我有一个由日志和时间戳组成的表,例如:
timestmp log_error
1507031197631 Er7
1507031197621 Er8
1507031197409 Er9
1506888444602 Er10
1506880074401 Er10
1506880047684 Er10
1506880030996 Er10
1506879980929 Er10
1506879977580 Er10
1506879974250 Er10
1506879970901 Er10
1506879964241 Er10
1506879954212 Er10
1506879900817 Er10
我想在一段时间戳(5分钟)内编写一个忽略相同连续错误(在本例中为Er10)的SQL查询。我怎么能做到这一点?使用自我内联?我想要的结果是这样的:
timestmp log_error
1507031197631 Er7
1507031197621 Er8
1507031197409 Er9
1506888444602 Er10 /* The last one from this example, based on the difference in timestmp */
1506879900817 Er10 /* The first Er10 registry */
答案 0 :(得分:1)
您可以使用row_number创建连续的log_error值组。这种方法被称为“tabibitosan方法”

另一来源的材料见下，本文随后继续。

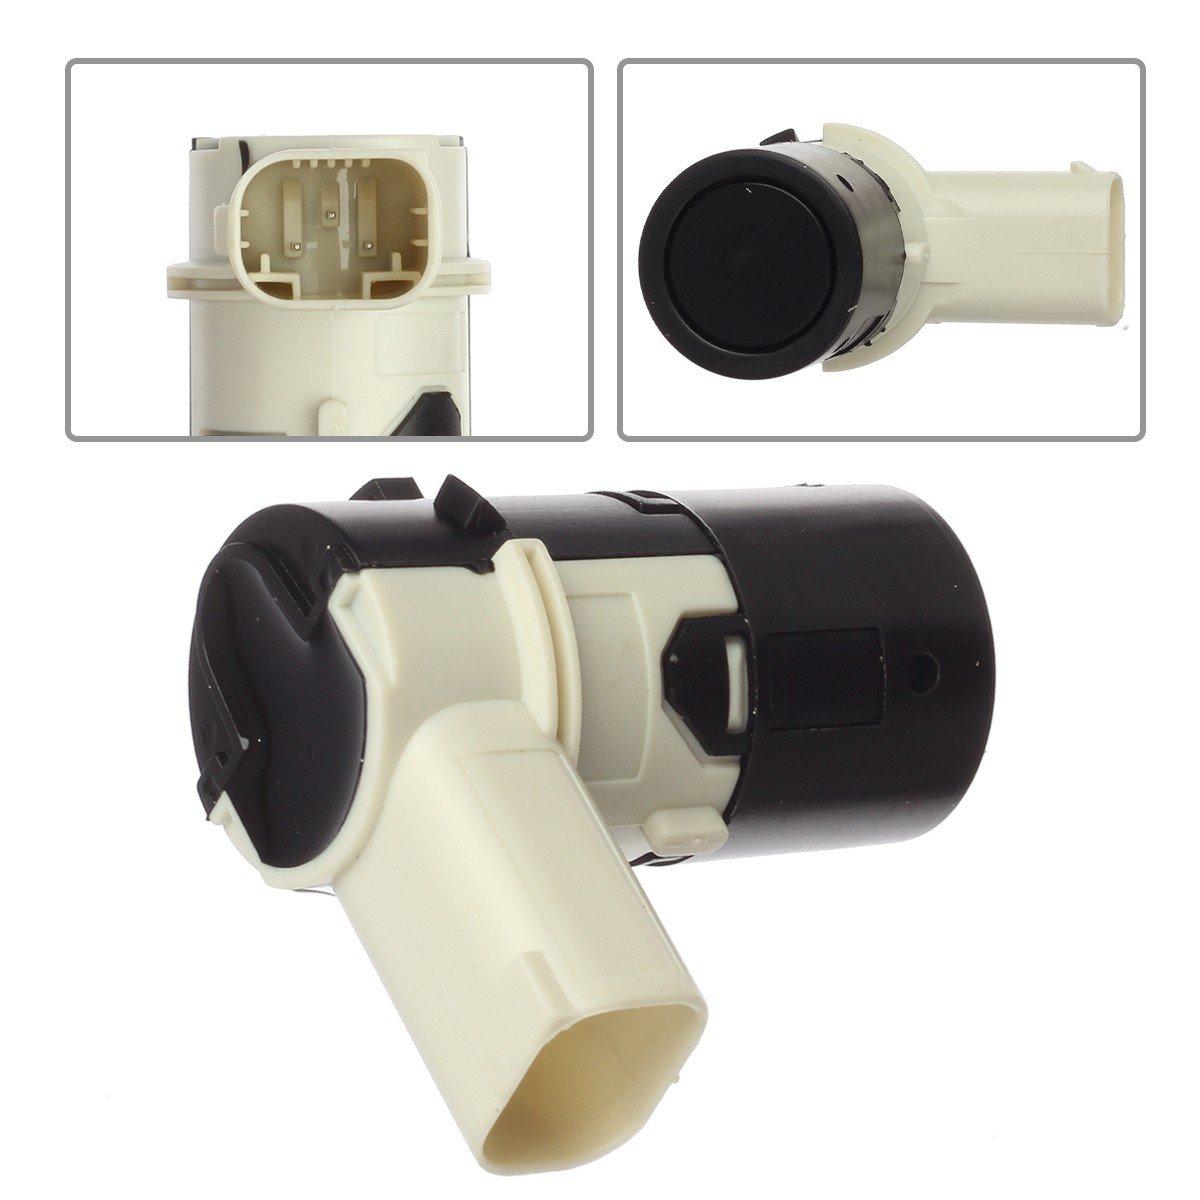 AUTEX 1pc Park Assist Sensor Packing Aid Sensor compatible with 2002-2003 BMW 525i 2.5L 2002-2003 BMW 530i 3.0L 2002-2008 Mini Cooper 1.6L

select log_error, min(timestmp), max(timestmp)
from (
select t.*,
row_number() over (order by timestmp)
- row_number() over (partition by log_error order by timestmp) as grp
from your_table t
) t
group by log_error, grp;
我承认结果格式并不完全符合您的要求,但它拥有您需要的信息。
答案 1 :(得分:0)
您可以使用lag(),累计金额和group by:
select log_error, min(timestamp), max(timestamp)
from (select l.*,
sum(case when prev_le = log_error and
prev_timestamp > timestamp - "5 minutes"
then 0 else 1
end) over (order by timestamp) as grp
from (select l.*,
lag(log_error) over (order by timestmp) as prev_le,
lag(timestmp) over (order by timestmp) as prev_timestmp
from logs l
) l
) l
group by grp, log_error;
注意:- "5 minutes"旨在成为其逻辑。据推测,这可能是5 * 60或5 * 60 * 1000。